WORK REQUEST
Write out the material below again, line for line, without any images.

SUPPLIED DATA
[Start of section]
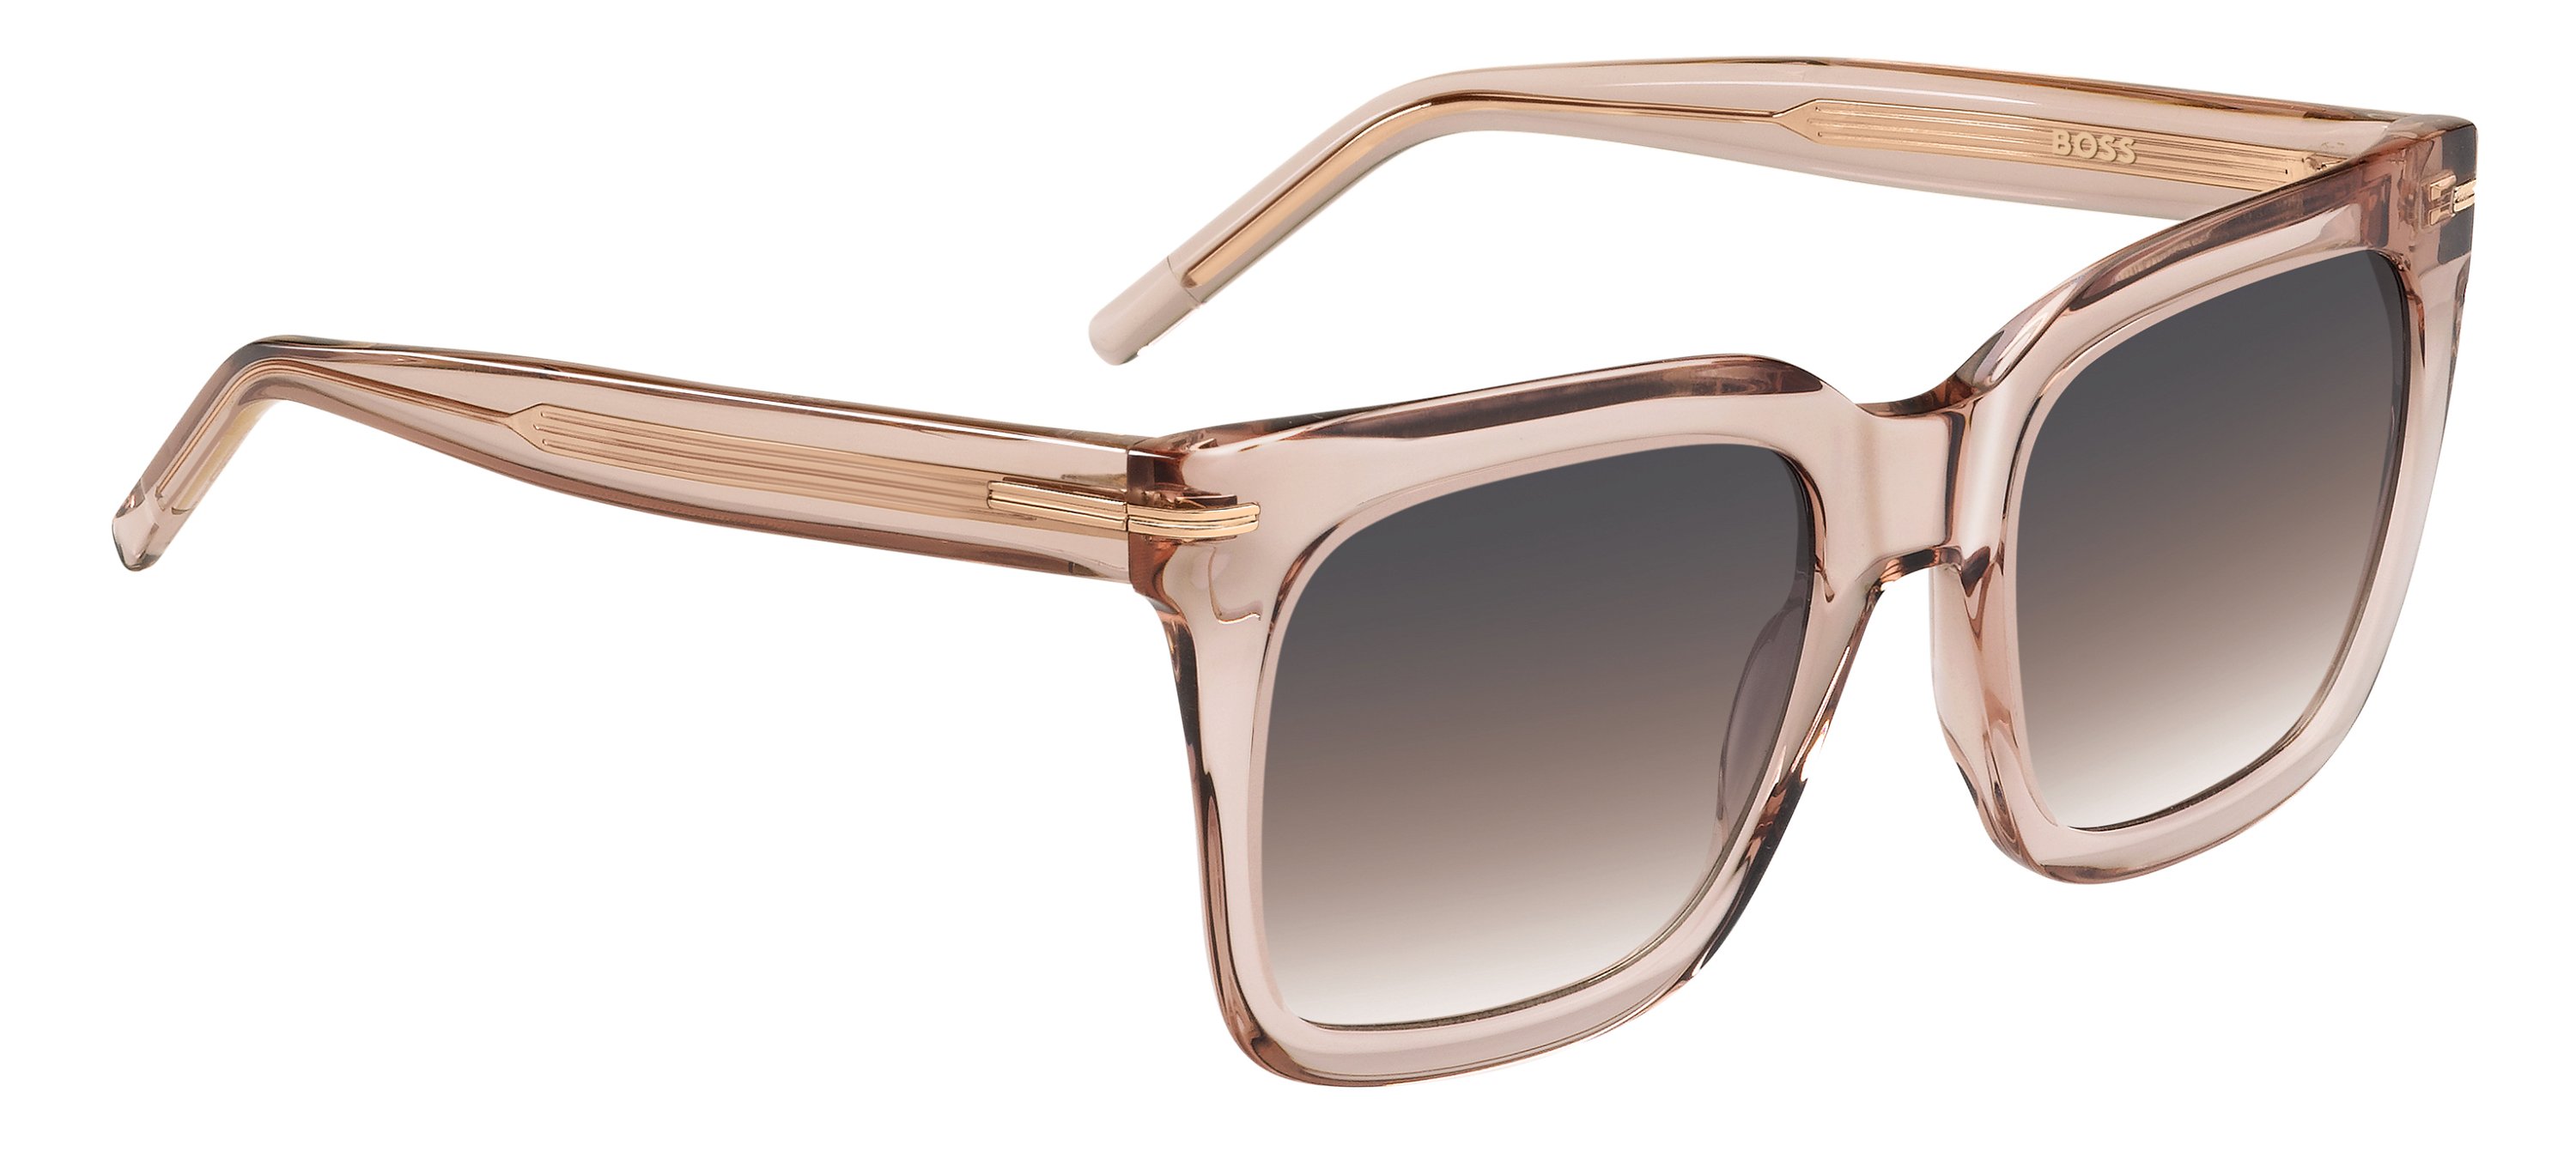 Das Bild zeigt die Sonnenbrille BOSS1656S 35J von der Marke BOSS in Pink.
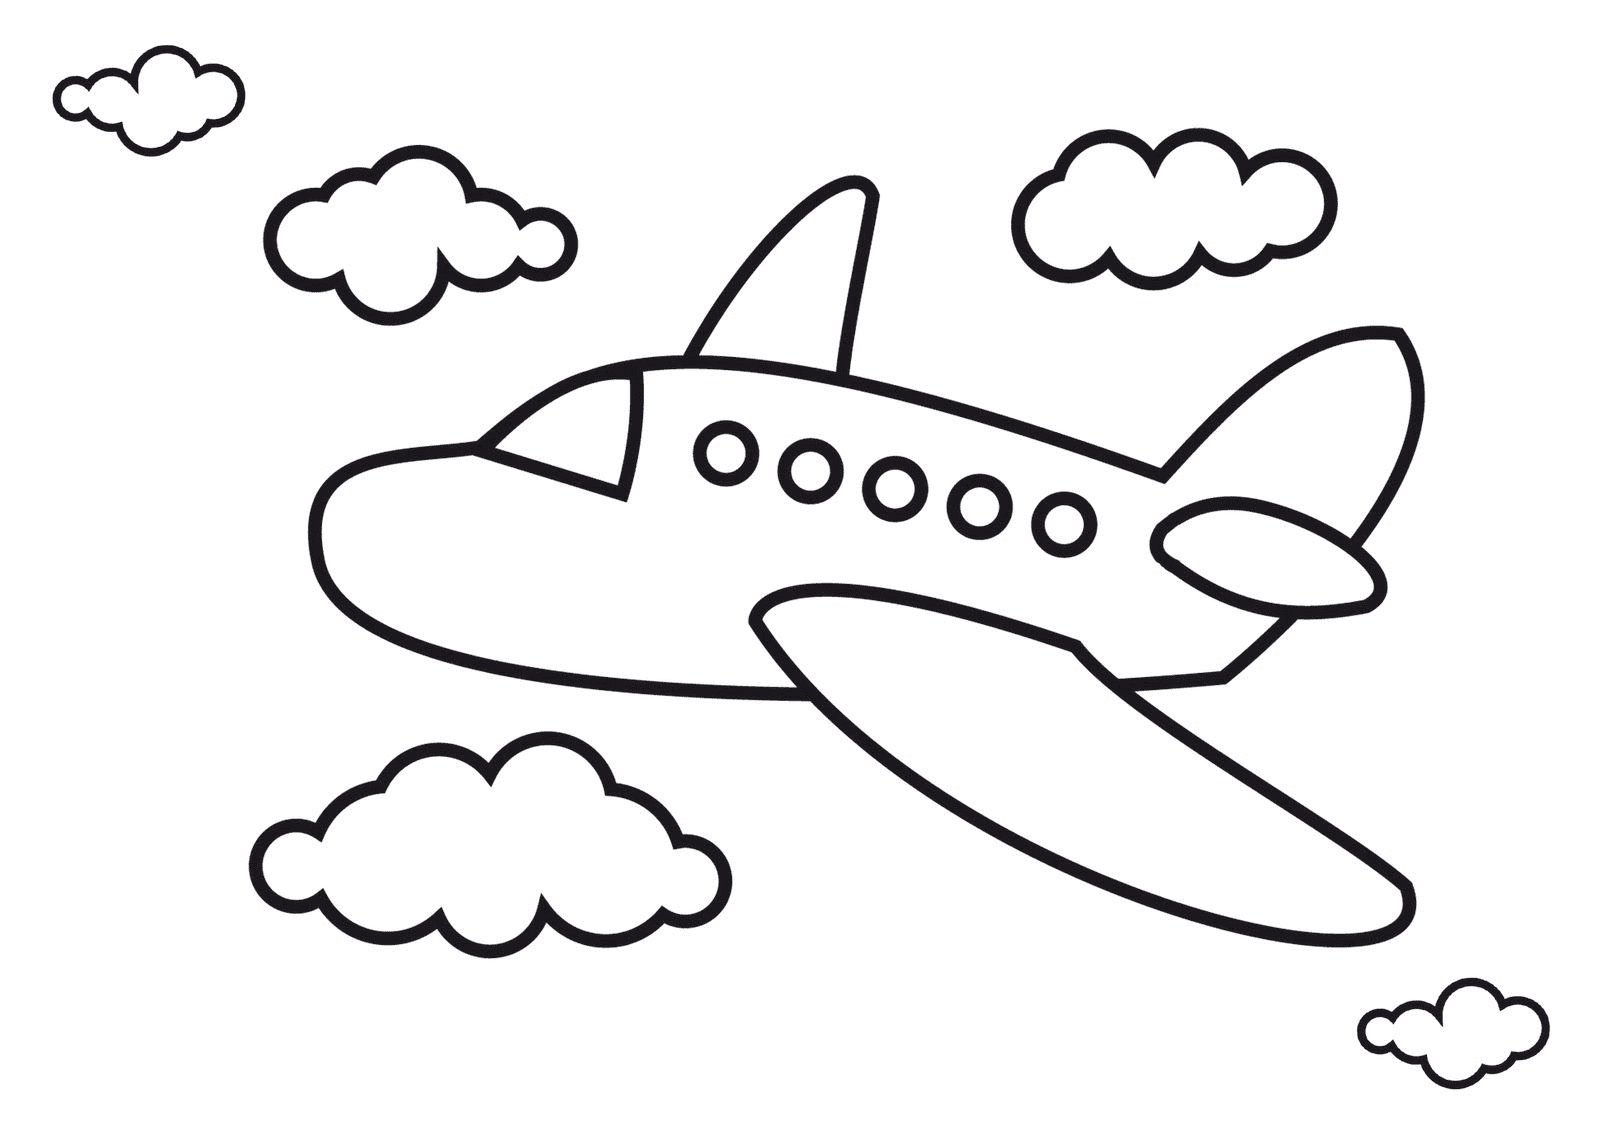 Immagini di aeroplani per bambini da Aereo
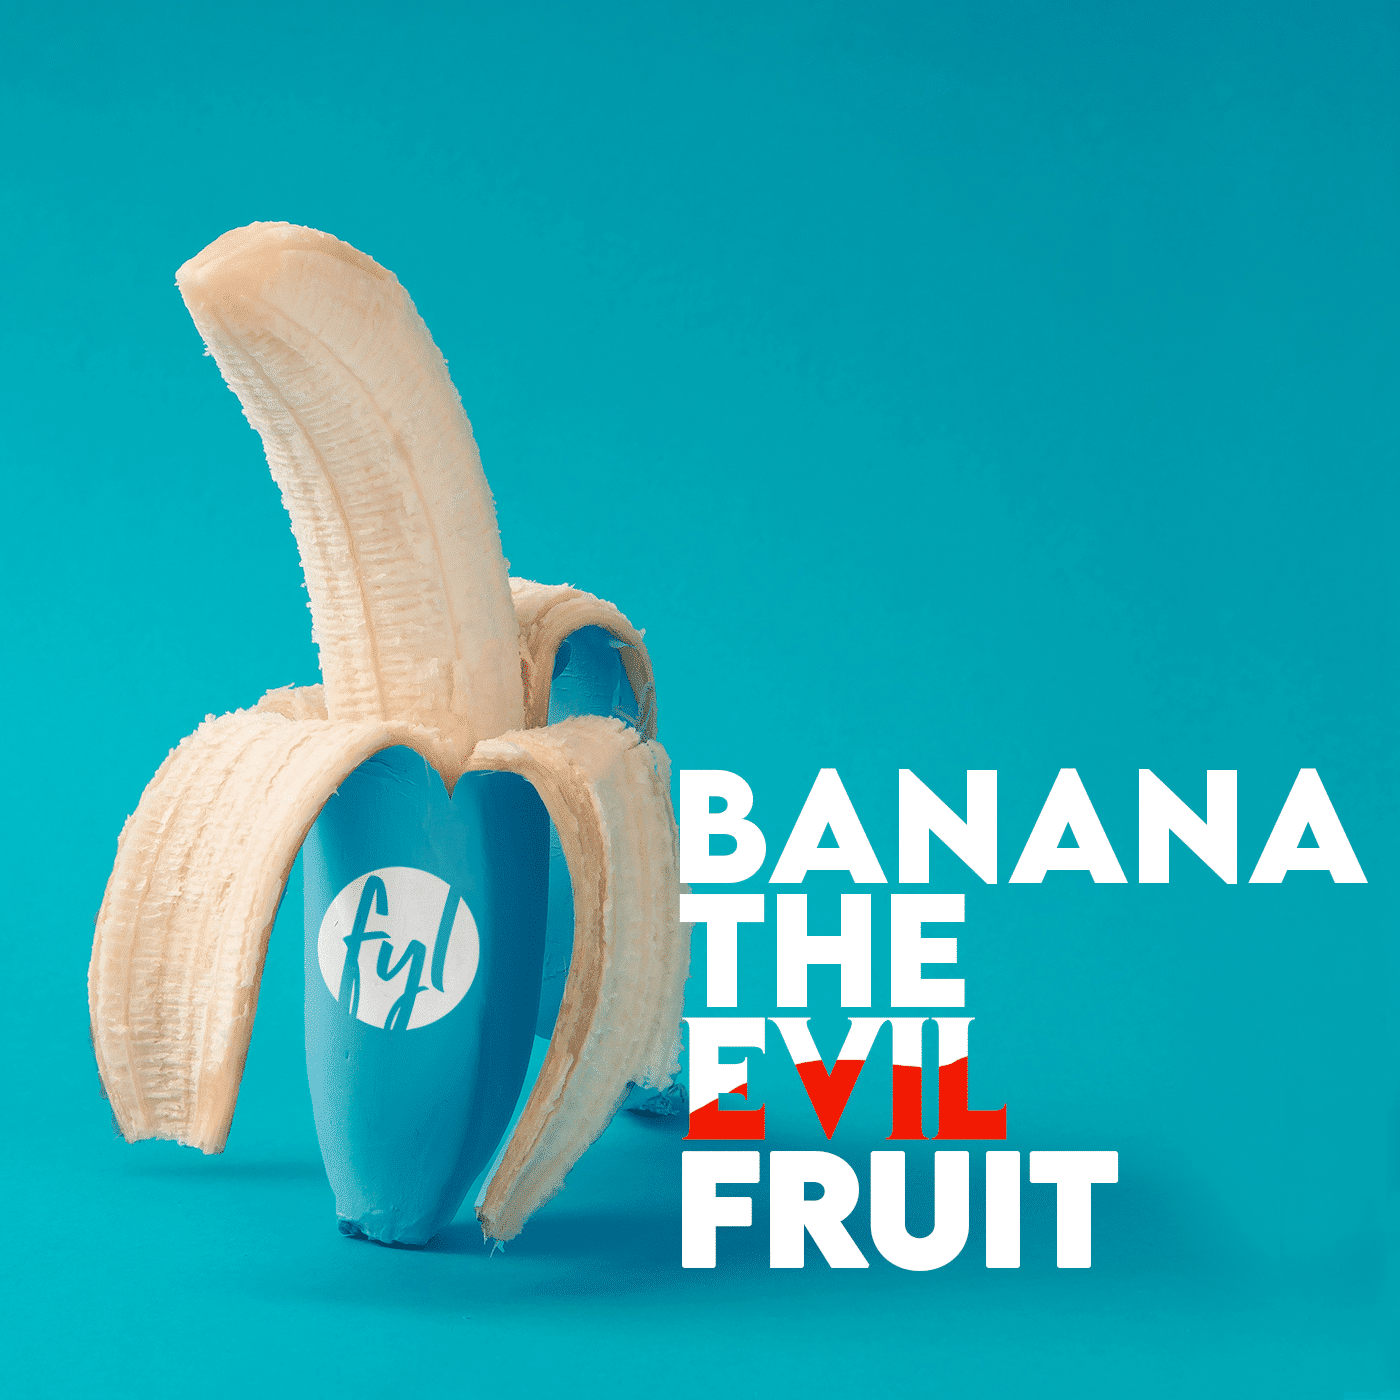 Banana – The ‘Evil’ Fruit?
[End of section]
OUTPUT FOR THIS EXERCISE
 Das Bild zeigt die Sonnenbrille BOSS1656S 35J von der Marke BOSS in Pink.
 Immagini di aeroplani per bambini da Aereo
 Banana – The ‘Evil’ Fruit?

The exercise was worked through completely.